The Widow
Courage is a centrifuge, an open mouth,
a subterranean subterfuge, a shoe untied.
Where are his glasses?
I ask no one.
Alone is a trip made of symmetry, a crucible,
a flattery of open books, a paused embrace.
Just one apparition could send me spinning
unbalanced by scarlet buttons or bad brakes,
a simple distillation of elemental forces
in solution, behind veils, eyes beneath coins.
Does the dog know who will shovel the snow?
I ask the pearls in the mirror around my neck.
Monday is an alien destiny of disgust
and fascination, both leaning on each other
like bookends, a shiva, but altogether better than
Sunday, a windowless room in a pine house.
Tuesday is an earthquake,
and the landfill cracks open
to reveal a stratum of waste from 1970,
all things suddenly out of season.
Who can pull weeds from around the squash?
Thursday is another day, as if the comet’s tail
might sweep the kitchen floor.
The archeologist arrives to explain the pain
in shades of newsprint, nail polish, and guacamole,
in which he uses a twisting logic to say
it is indeed from Spain,
and the lack of sunlight has preserved the color
of my spleen, swollen with poison and a sort of
sheen, like a Yiddish proverb.
I am a banquet for the birds.
Once around the block, please.
Losing the Better Part of Us
Because a flower turns around at night
it needs the tears of hindsight to see
the mind of infinity flare,
blowing out in a flash of wit
your life unabridged, and me shifting
in that feral wind to meet every movement,
all the passions like wildfire, tilted up to the sky
to try and find you night after night,
missing you, a twilit castaway—
petals on a savage river, or the zest of your skin
flying up inside the numbing starlight,
answering yes, always yes, to the life we created
becoming the pink upon the mist, never needing
to look back because the tides have stopped,
and the clouds have fled from the blue,
until only the river stones beneath our bare feet,
a Stellarum Fixarum,
come together the same at the beginning as at the end.
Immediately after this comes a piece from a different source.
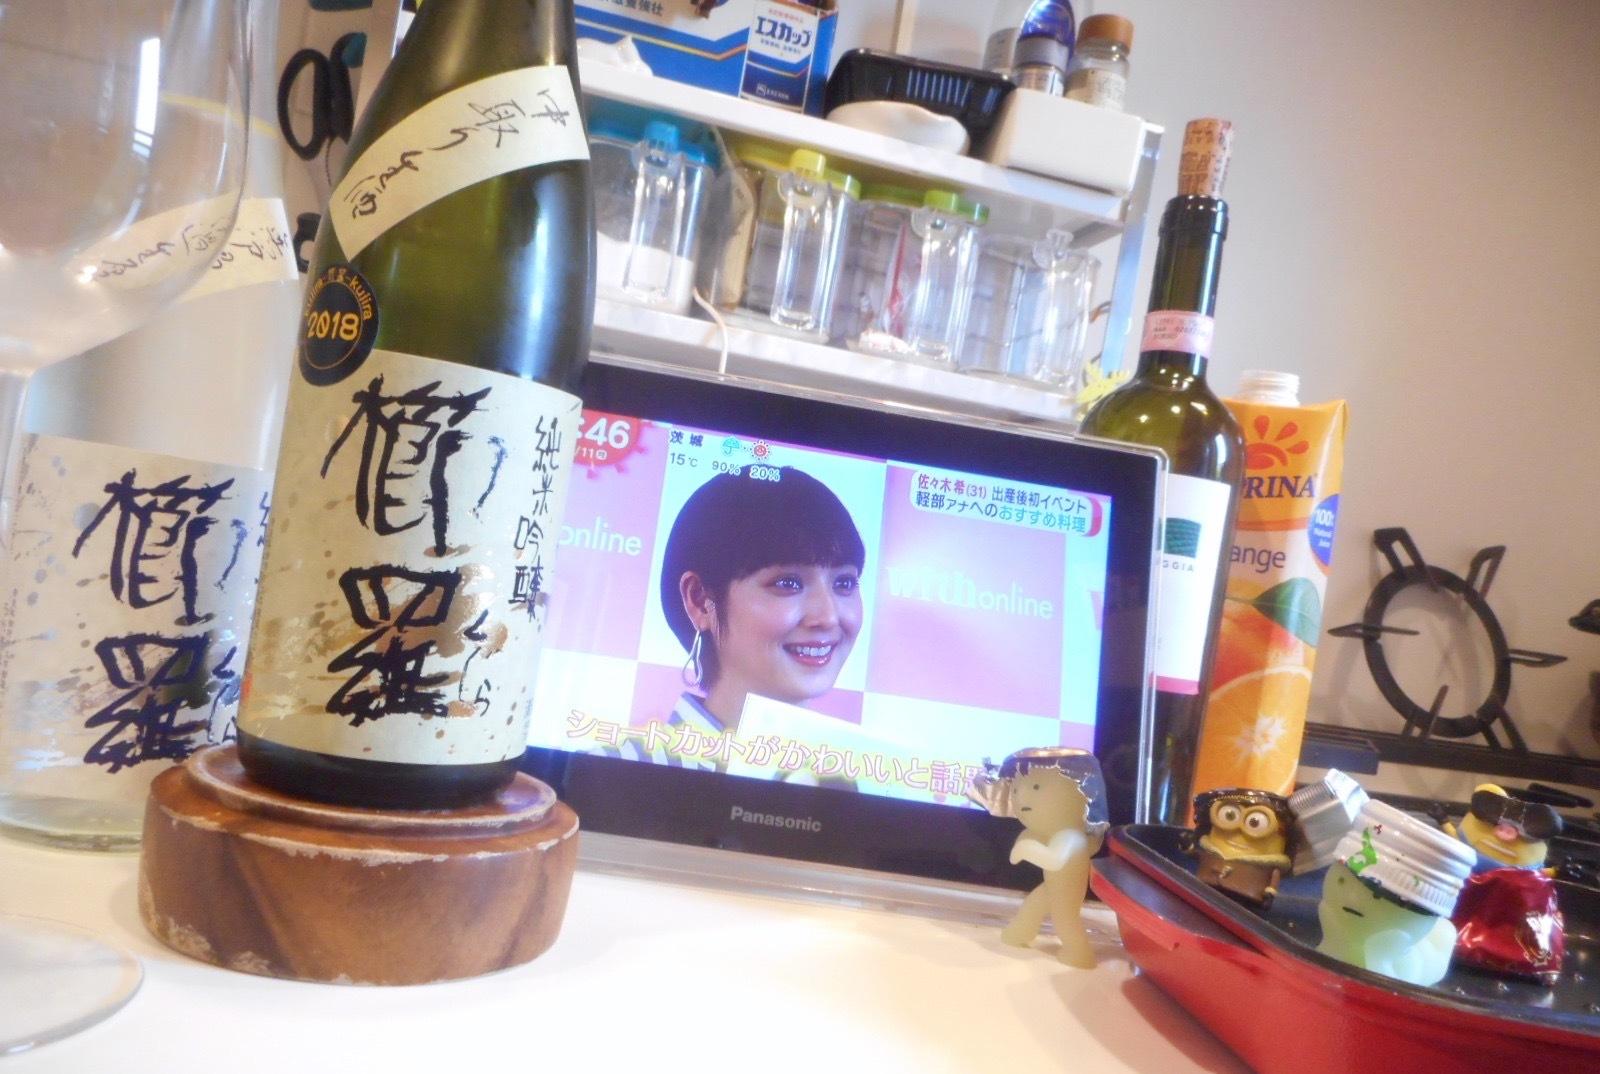 kujira_jungin30by6.jpg

I reach through the swash to hold you again,
in the midst,
your phantom gaze bearing me thunderstruck,
into being by the high of counting
every follicle on our newborn child’s head,
and then all the moments in between rush passed us
in a blur of grief, but also wonder,
and the stories of our passage, our arrival here without you
on this plain of feathers, scales, hairs, and flowers,
mix with fear, desire, rancor, and doubt,
more than any tree might contain in root, leaf, or bark,
or any church might burn in wax
to loft the prayers and wishes of bringing you back,
all of us wicks bending flame in the Harmattan breeze,
to gently wipe clean
your dour end with some new diluvial fever
of birth, a pure poem of providence,
of animal spirits and celestial virtue,
a primeval brume rolling down my face in beads
in another race to the strand
to find the beach pebbles end
again at the start.
Our Poor Circulation
Don’t wake the baby again
by dredging my body of sleep,
her polite icicle dream bits float
barefoot in the pumping snow
rolling under the door awake now
gasping bold pleas for warm milk.
My cold feet with distant kid fears
closing the smallest pores—
our refrigerator and television hum clear
to preserve the eggs and stories,
far-flung choices and memories pickled
by simple human voices murmuring
the echo of endless need.
Her tiny hands reach out
for cathedral air on pale lumps of skin,
fleshy triggers that set hunger adrift.
My breasts are under the Moon
and full of godly ichor.
A pair of half-frozen hosts
as patient as stained glass,
they suffer glacial hours of cell division
swelling seesaw like weal and woe,
thawing, eroding, blinking
the distance of years away,
recalling hairy faces beaming,
empty with bald lust,
the men who tried to love me
like curling black smoke from old wiring,
sparking clutters of wild fascination
abruptly whipping tongues of flame
into a bright Ferris wheel of abandon,
who then left my bed of williwaw
rushing out into the blizzard
of brides and wives,
as fathers must.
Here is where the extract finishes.